Vegan/Plant Based Milk contains calcium is a myth or a fact

Vegan/Plant Based Milk contains calcium is a myth or a fact

Is Calcium in Vegan/Plant-Based Milk a Fact or a Myth?

From the last couple of years, the popularity of  vegan and plant-based milk has increased, with options like oat milk, almond milk, and soy milk lining grocery store shelves. While  many  people opt  for these dairy-free alternatives for ethical, environmental, or health reasons, there's often skepticism surrounding their calcium content. Let's delve into reality of calcium in vegan/plant-based milk to shed some light on this topic.

 

 

The Myth: Vegan/Plant-Based Milk Lacks Calcium

One common misconception is that vegan/plant-based milk alternatives lack calcium, a vital nutrient for bone health. This myth stems from the fact that traditional cow's milk is often  touted as an excellent source of calcium. However, the truth is that many vegan/plant-based milk products are added with calcium to provide an equivalent nutritional profile to dairy milk.

For example, Only Earth Plant-Based Milk, a leading brand in this space, offers a range of dairy-free milk alternatives added with calcium. These plant-based milks provide a significant source of calcium, making them suitable for individuals looking to maintain healthy bones and teeth.

Why Choose Vegan/Plant-Based Milk?

There are several compelling reasons   to choose vegan/plant-based milk alternatives, beyond just their calcium content:

Lactose-Free

It makes them an excellent alternative for individuals with lactose intolerance or sensitivity, who might experience digestive discomfort, bloating, or other symptoms when consuming dairy products.

Vitamins, Minerals, and Fiber

Plant-based milks can be rich in various vitamins and minerals, and they often contain dietary fiber, which is absent in dairy milk:

  • Vitamins: Many plant-based milks are added with essential vitamins such as vitamin D, B12, and A, which are important for bone health, energy production, and immune function.
  • Minerals: They often contain added calcium to match the levels found in dairy milk, supporting bone health. Some, like almond milk, are naturally high in potassium & magnesium.
  • Fiber: Unlike dairy milk, some plant-based milks, such as oat milk, contain dietary fiber, which aids in digestion and helps maintain a healthy gut.
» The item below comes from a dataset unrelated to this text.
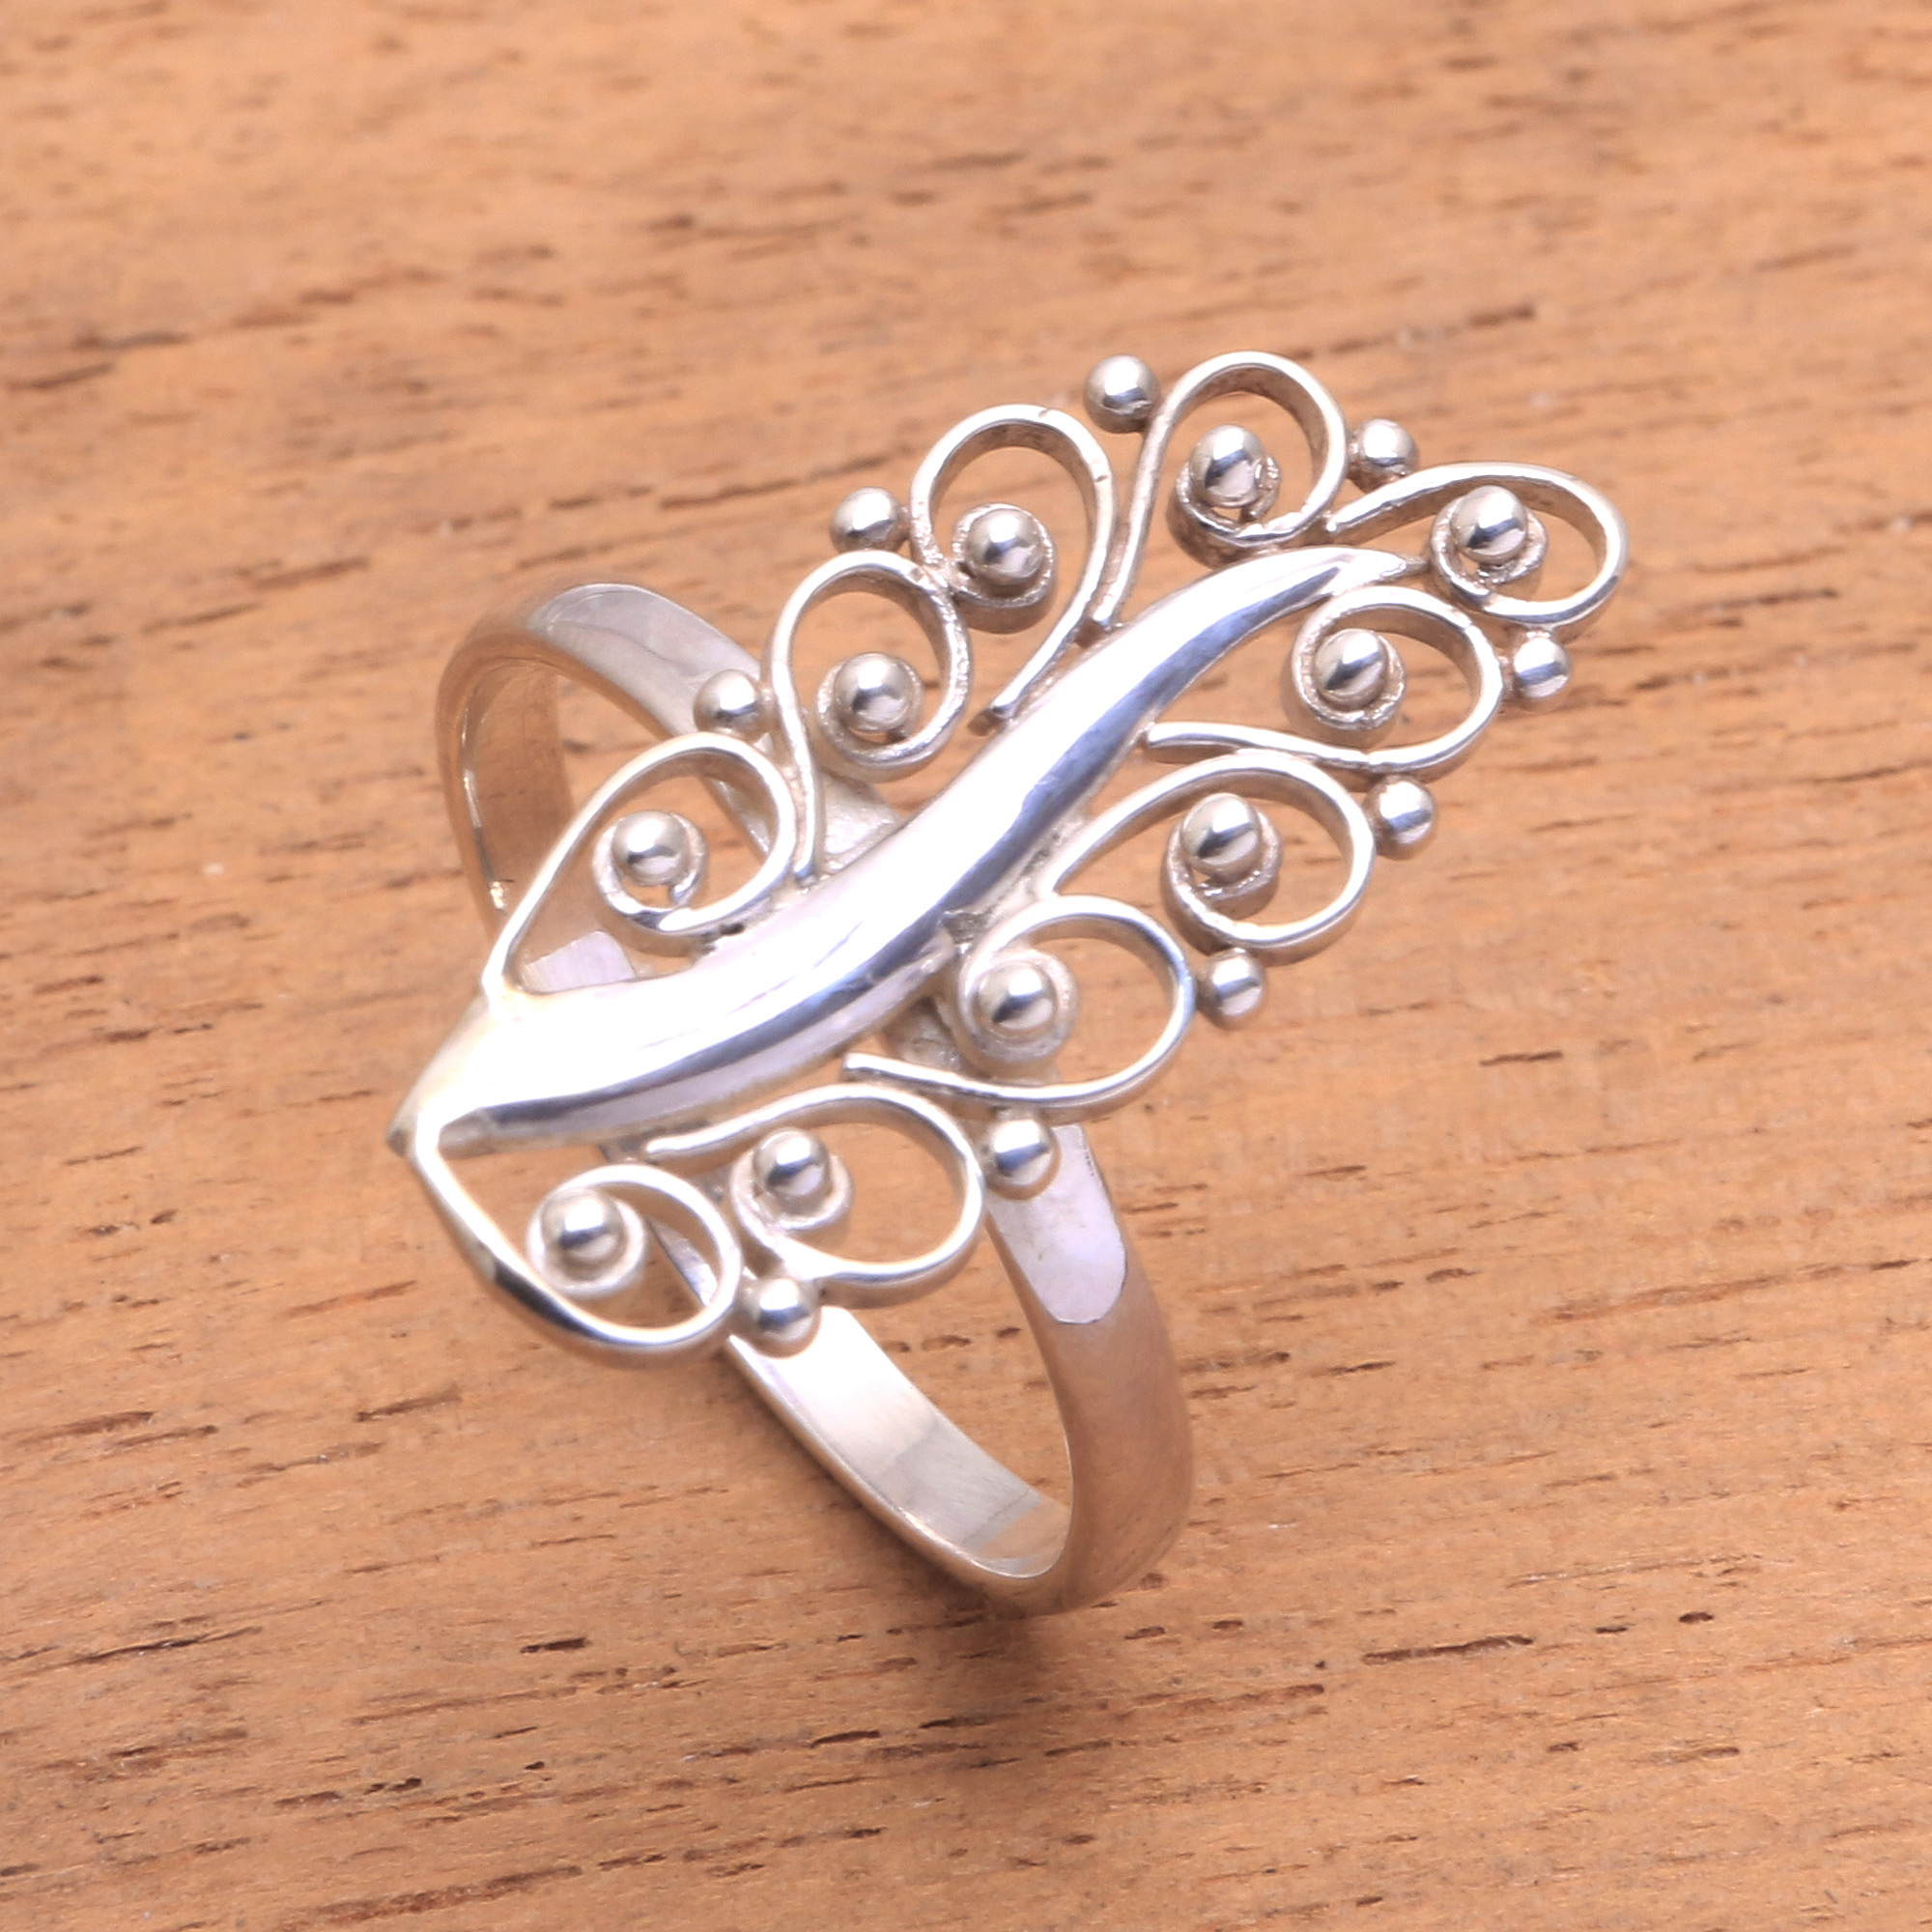 Handcrafted 925 Sterling Silver Leaf Ring Handmade Jewelry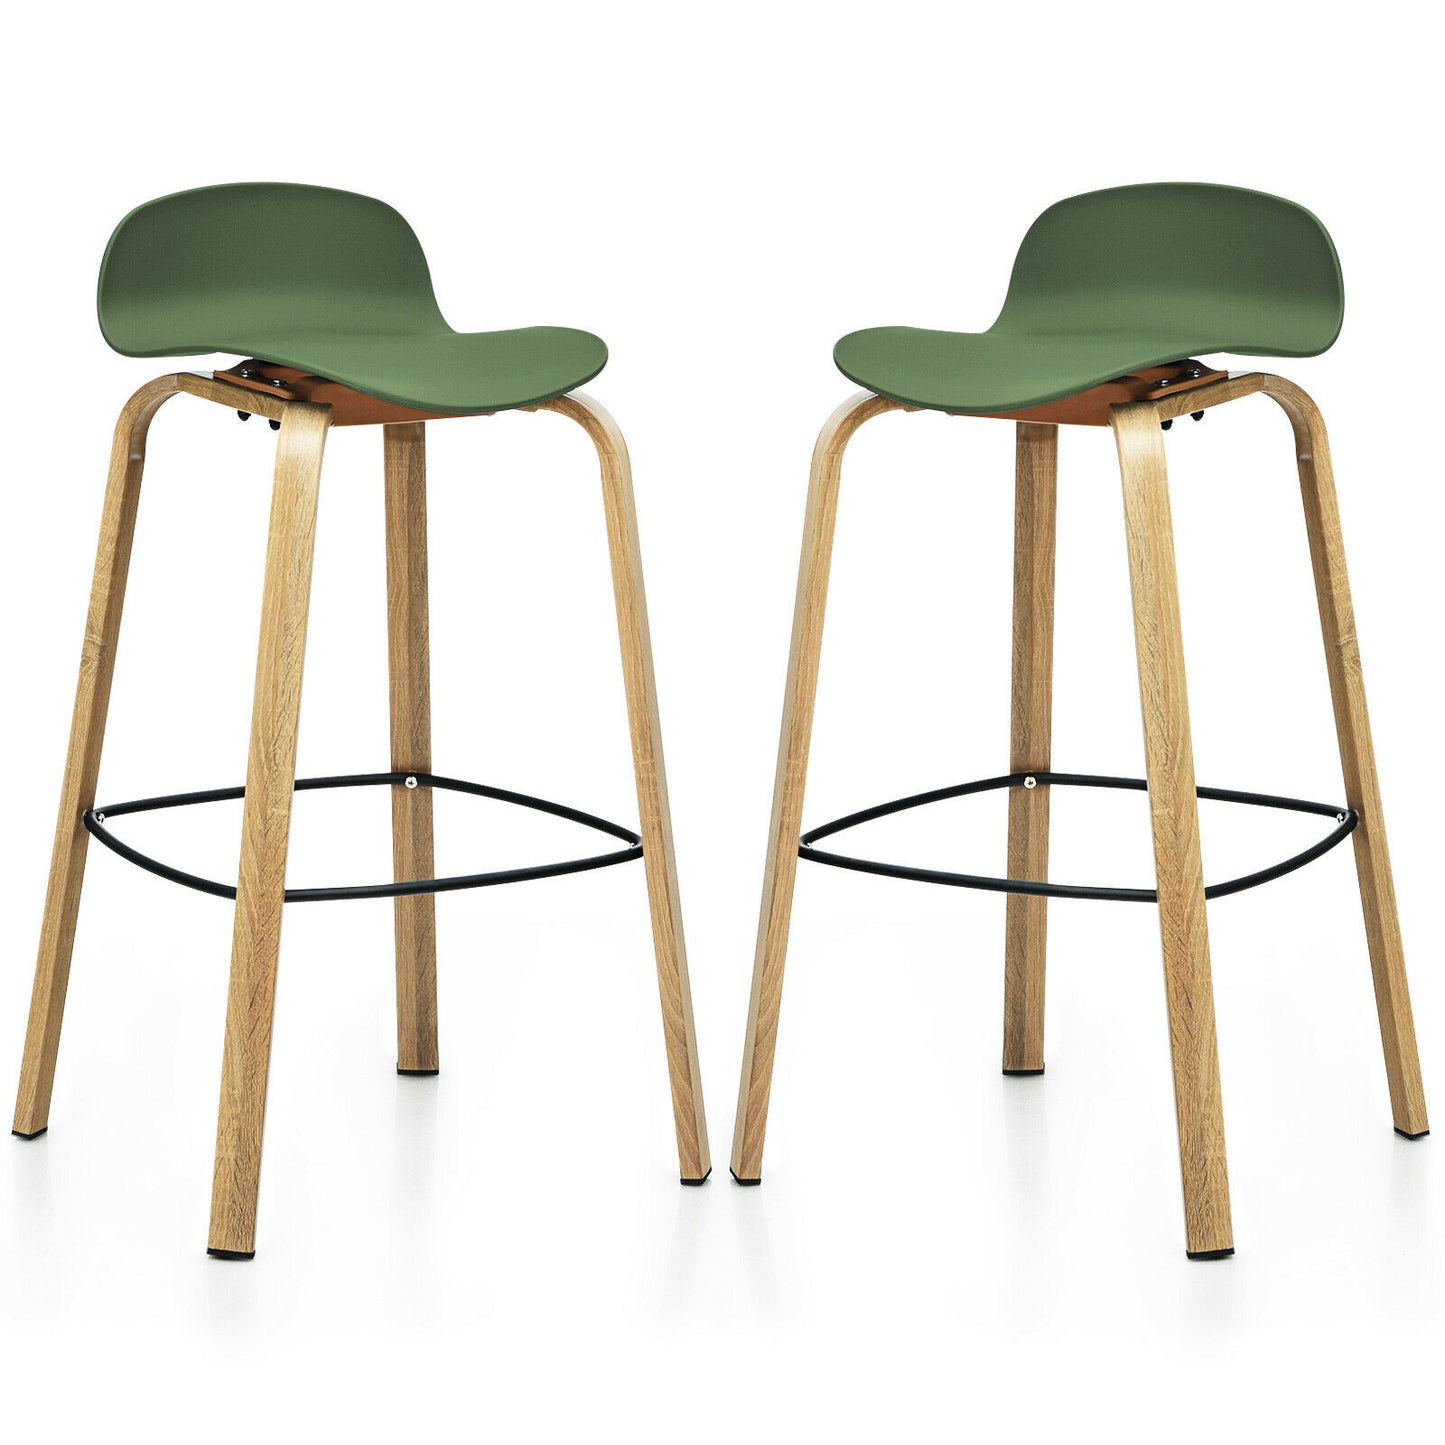 2 Bar Chairs High Counter Stools with Footrest - Money Green

No Preservatives or Added Sugars

Many plant-based milks are available in versions that contain no preservatives or added sugars, making them a healthier choice. 

Cholesterol-Free

This makes it beneficial for heart health. This contrasts with dairy milk, which contains dietary cholesterol that can contribute to elevated blood cholesterol levels and increase the risk of heart disease.

No Trans Fat

Trans fats, which are harmful to heart health, are typically not found in plant-based milks. They are naturally free from these fats, unlike some dairy products that may contain small amounts of trans fats.

Calories and Fat Comparisons

Plant-based milks often have lower calorie counts and less saturated fat compared to whole dairy milk. However, the specific nutritional profile can vary depending on the type of plant milk:

  • Almond Milk: Low in calories and fat, especially unsweetened versions. Contains heart-healthy monounsaturated fats.
  • Soy Milk: Similar in protein content to cow's milk but with fewer calories and less saturated fat. Often fortified with vitamins and minerals.
  • Oat Milk: Slightly higher in calories than almond milk but contains beneficial fiber and beta-glucans, which can help lower cholesterol levels.
  • Coconut Milk: Higher in saturated fat but often used in moderation for its creamy texture and flavor.



Where to Find Vegan/Plant-Based Milk

Interested   in trying vegan/plant-based milk alternatives? You can find them at most grocery stores, as well as online retailers. Let’s make it easy, brands like Only Earth offer a convenient way to purchase vegan/plant-based milk products online, making it easy to add them into your diet.

In Conclusion

The myth that  vegan/plant-based milk lacks calcium is just that—a myth. Many vegan/plant-based milk alternatives are added with calcium, offering a nutritious and delicious dairy-free option for individuals looking to make more sustainable and ethical food choices. So go ahead and enjoy your oat milk latte or almond milk smoothie with confidence, knowing that you're nourishing your body with plant-based goodness.